> The task
Print only the lines below from the one with "Märchenschloss im Disneyland Hong Kong" to the one with "c0b70 6e698 fcfc522434e7a", both included, exactly as they stand. Leave pictures out.

> Data shown
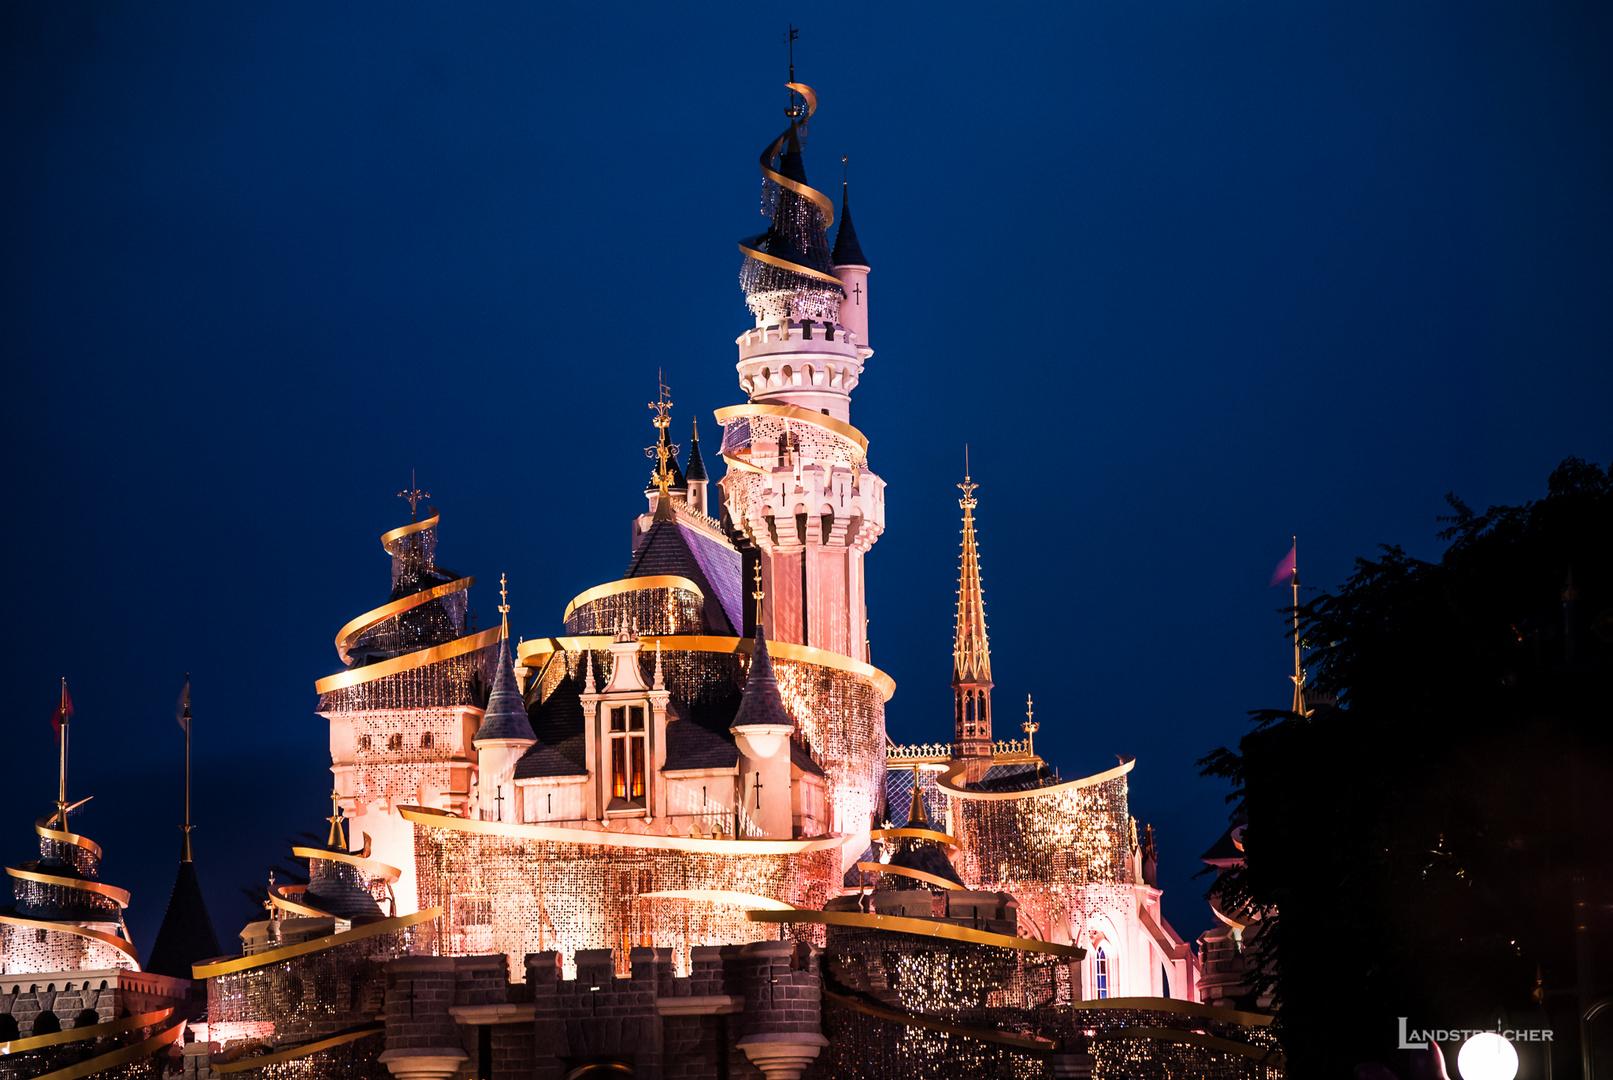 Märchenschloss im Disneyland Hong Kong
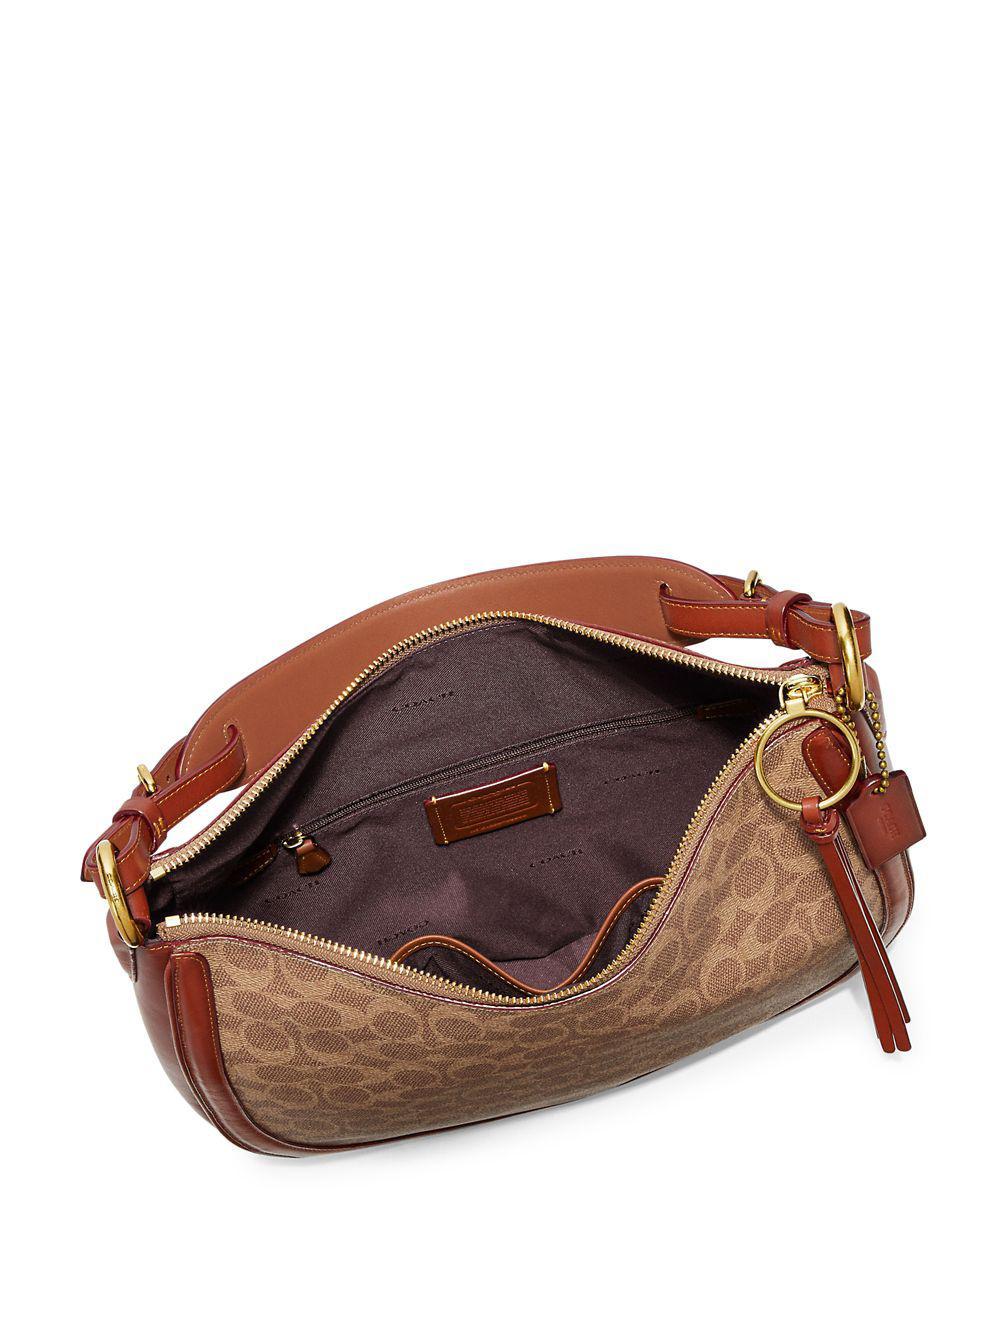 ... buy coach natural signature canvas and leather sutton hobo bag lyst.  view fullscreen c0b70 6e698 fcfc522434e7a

* * *

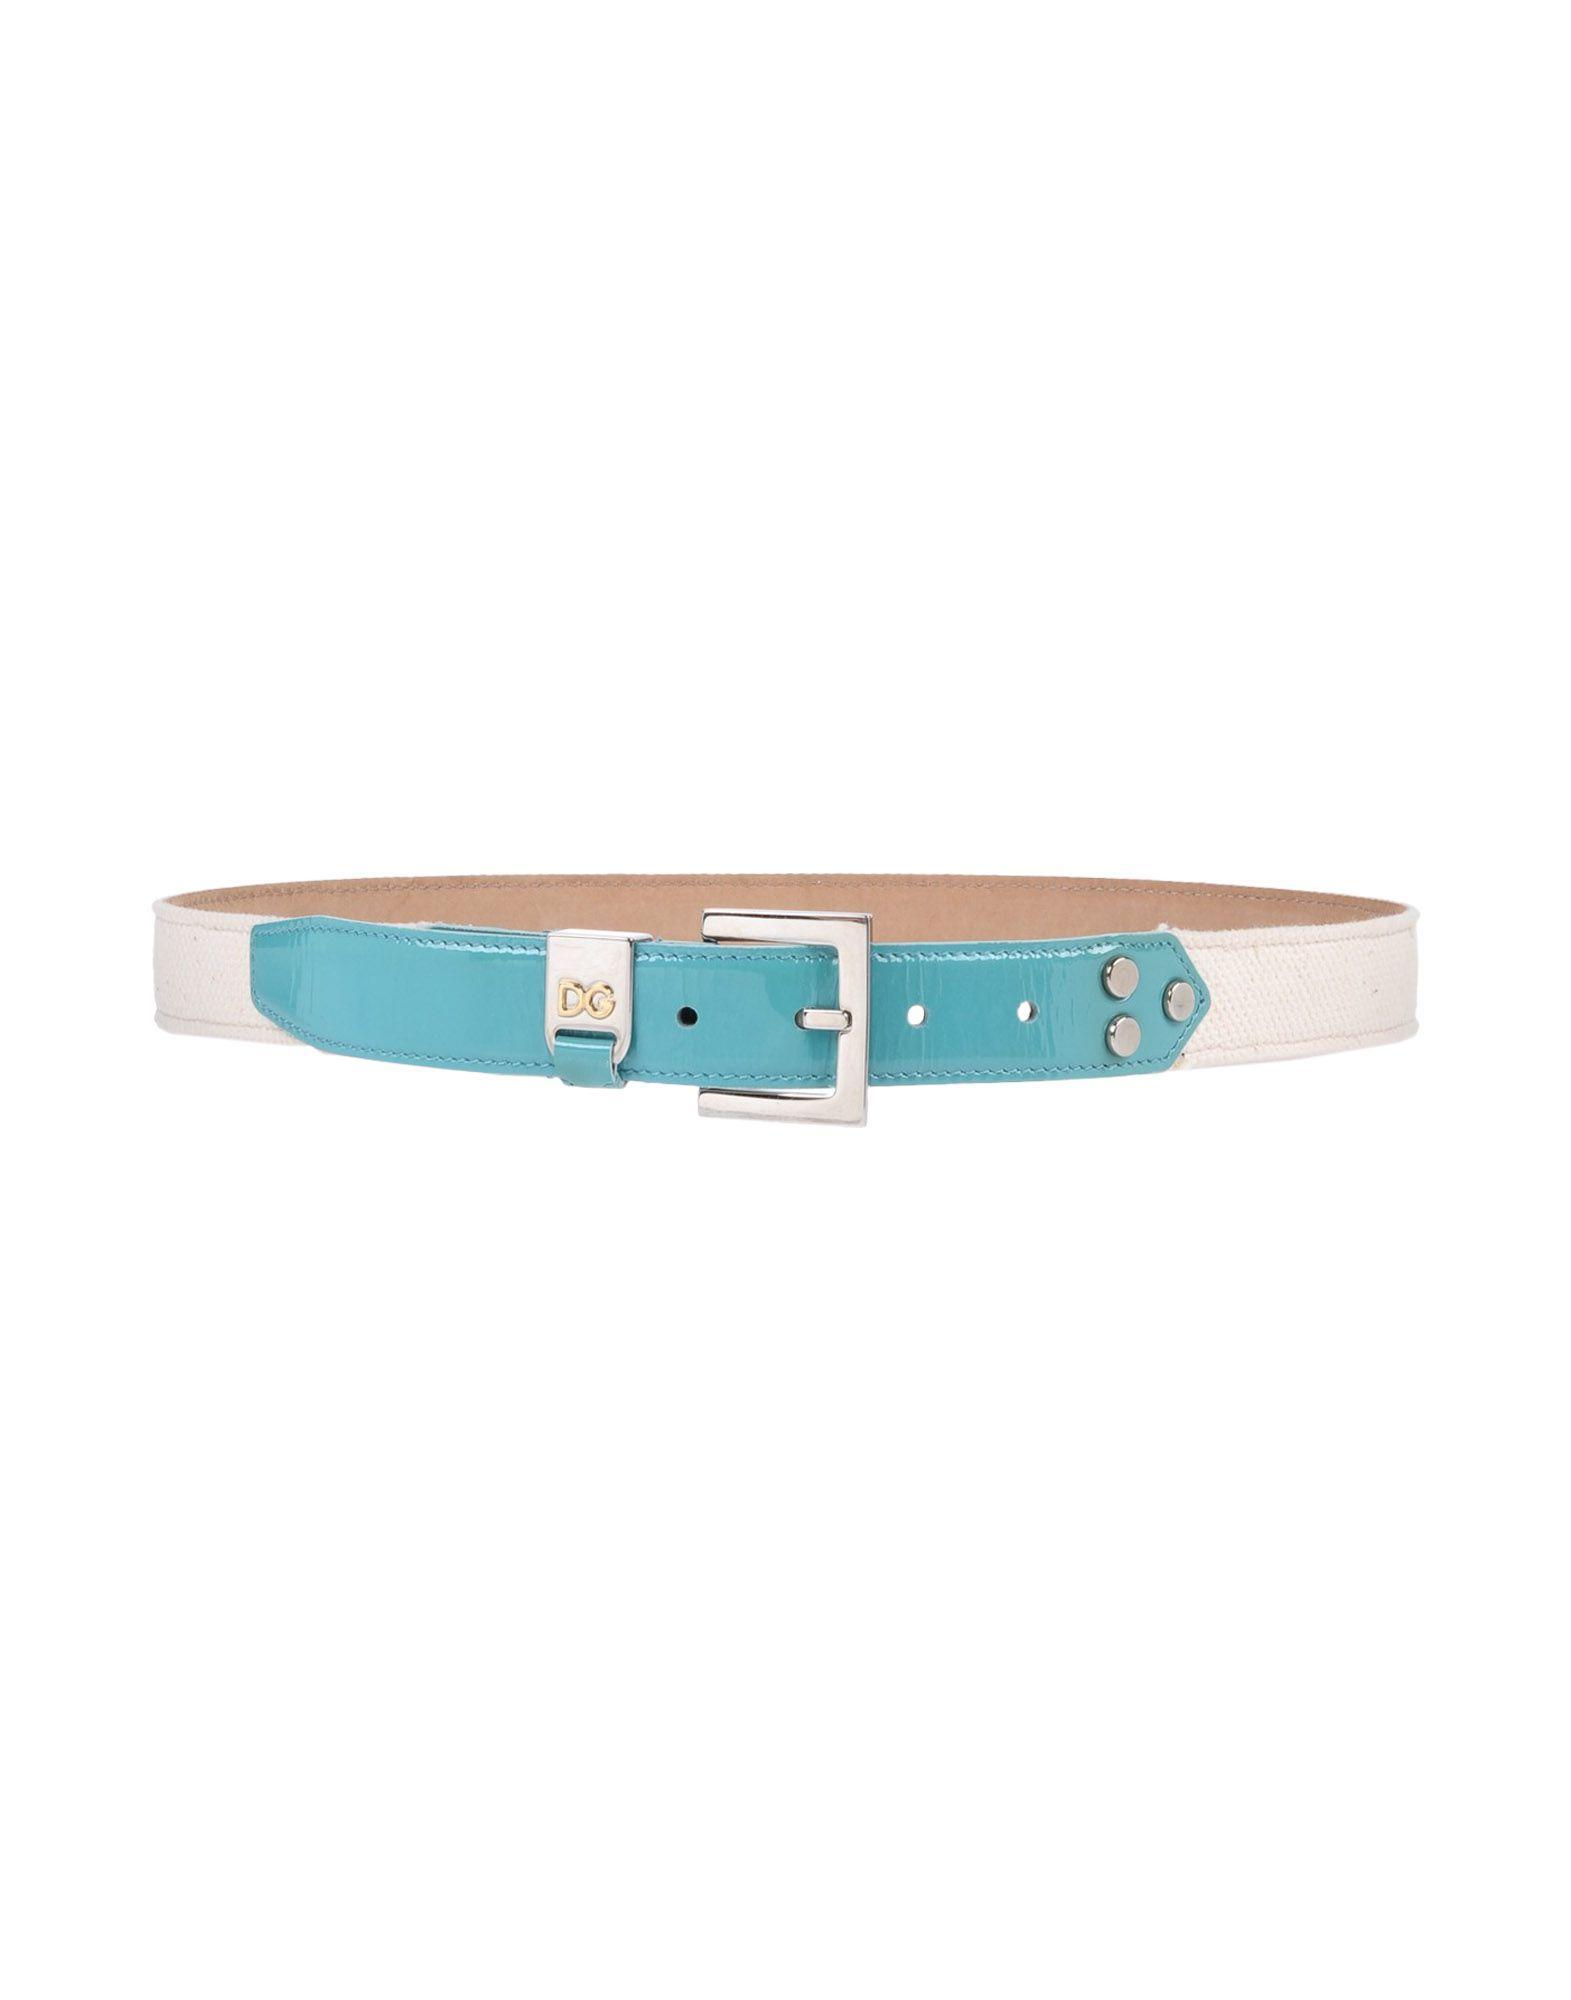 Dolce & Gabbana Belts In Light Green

--

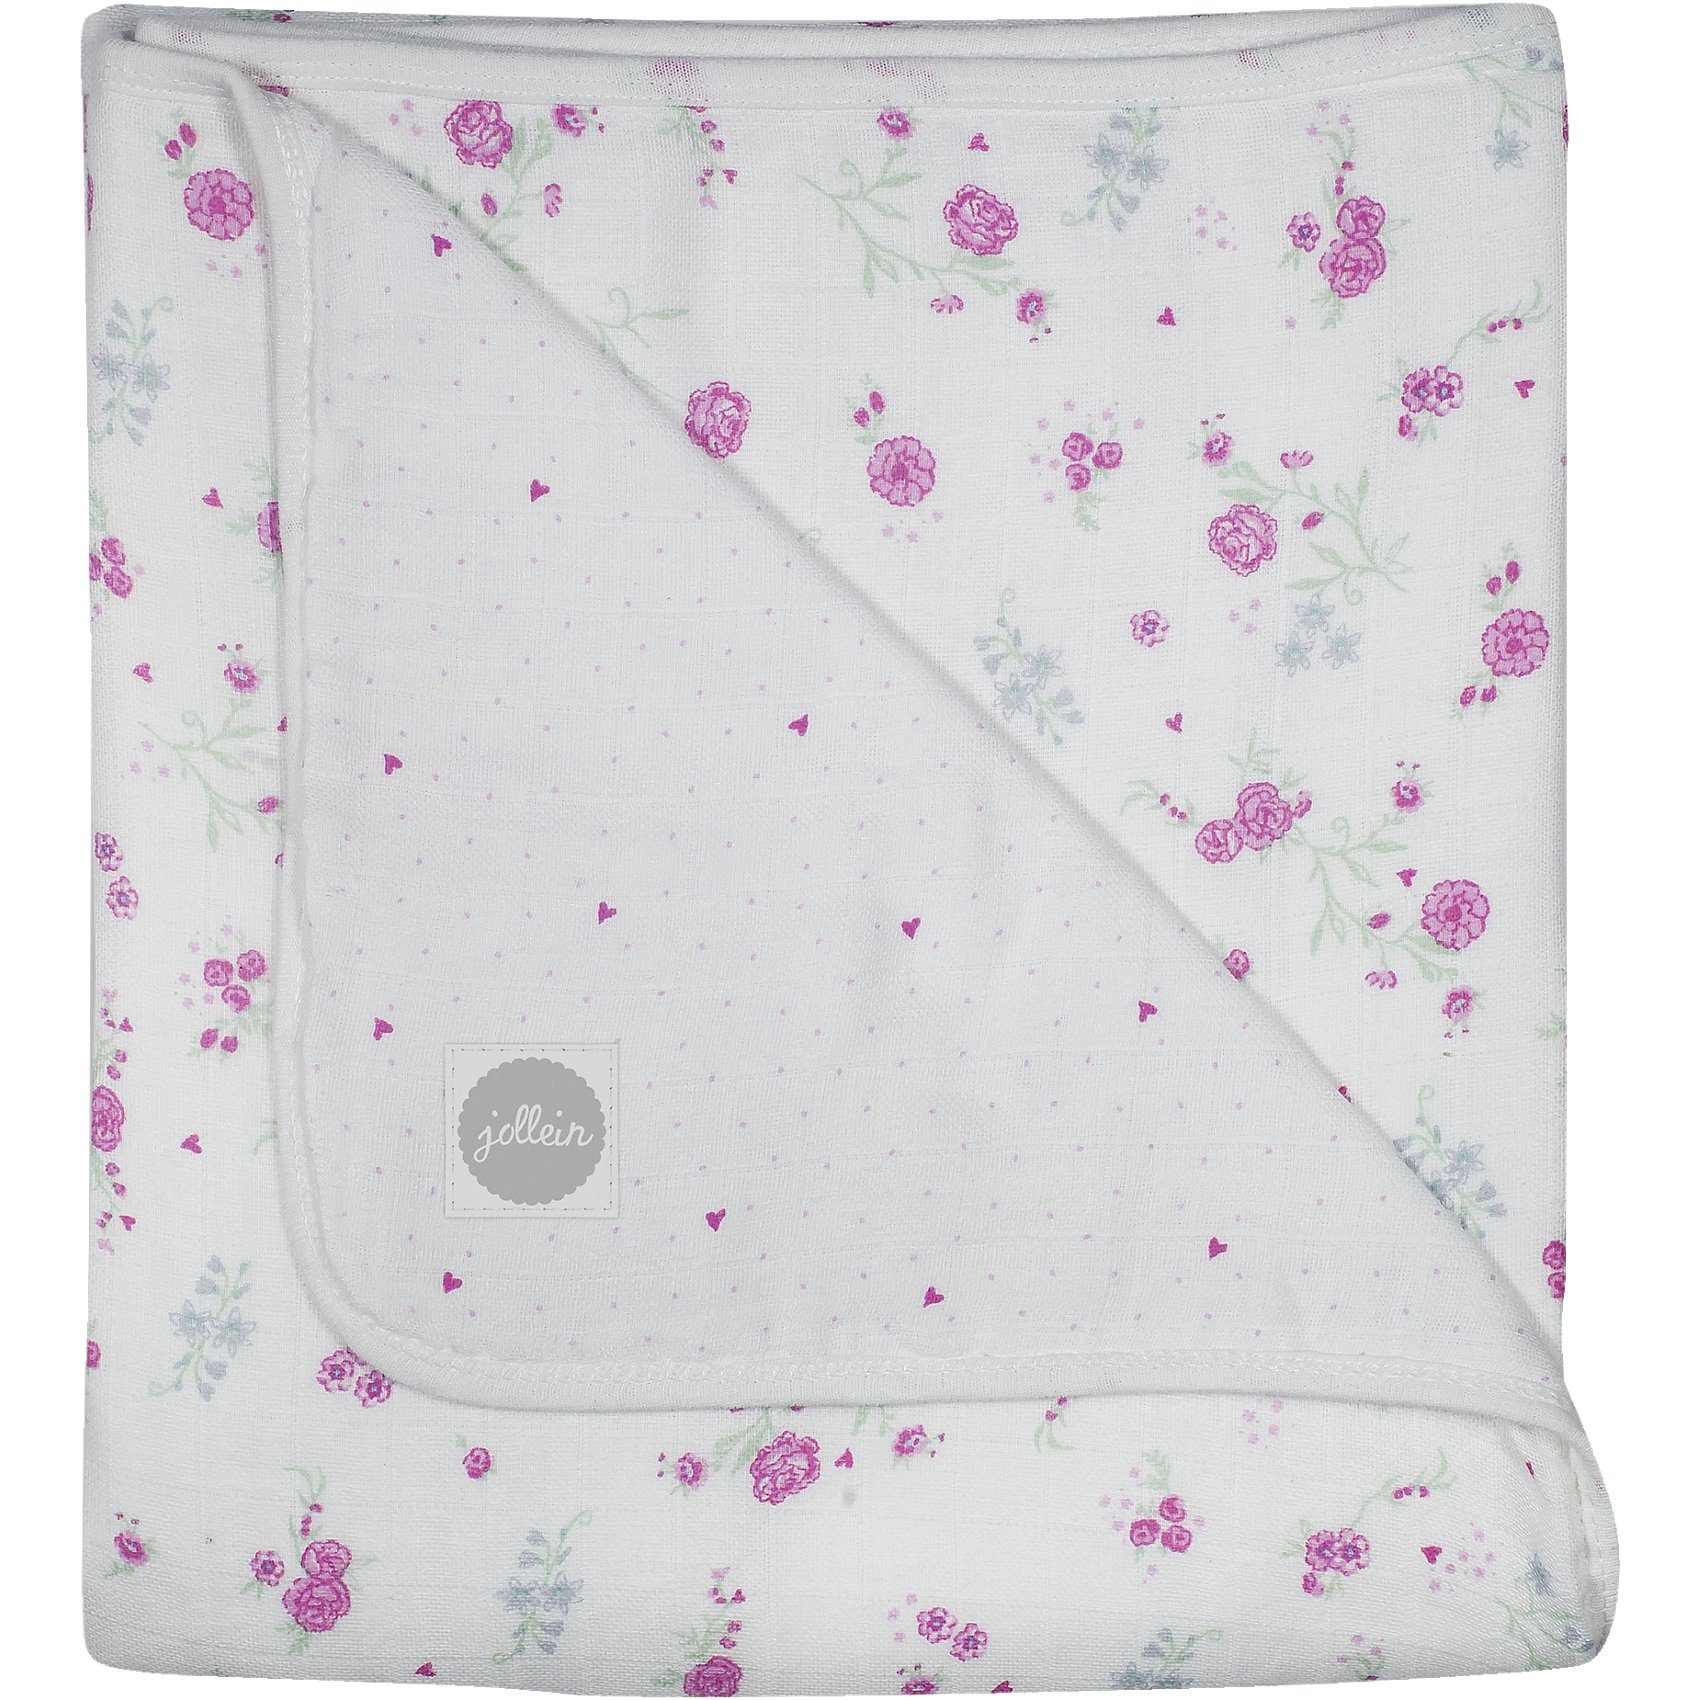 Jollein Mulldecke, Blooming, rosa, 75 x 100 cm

> Response
 Märchenschloss im Disneyland Hong Kong
 ... buy coach natural signature canvas and leather sutton hobo bag lyst.  view fullscreen c0b70 6e698 fcfc522434e7a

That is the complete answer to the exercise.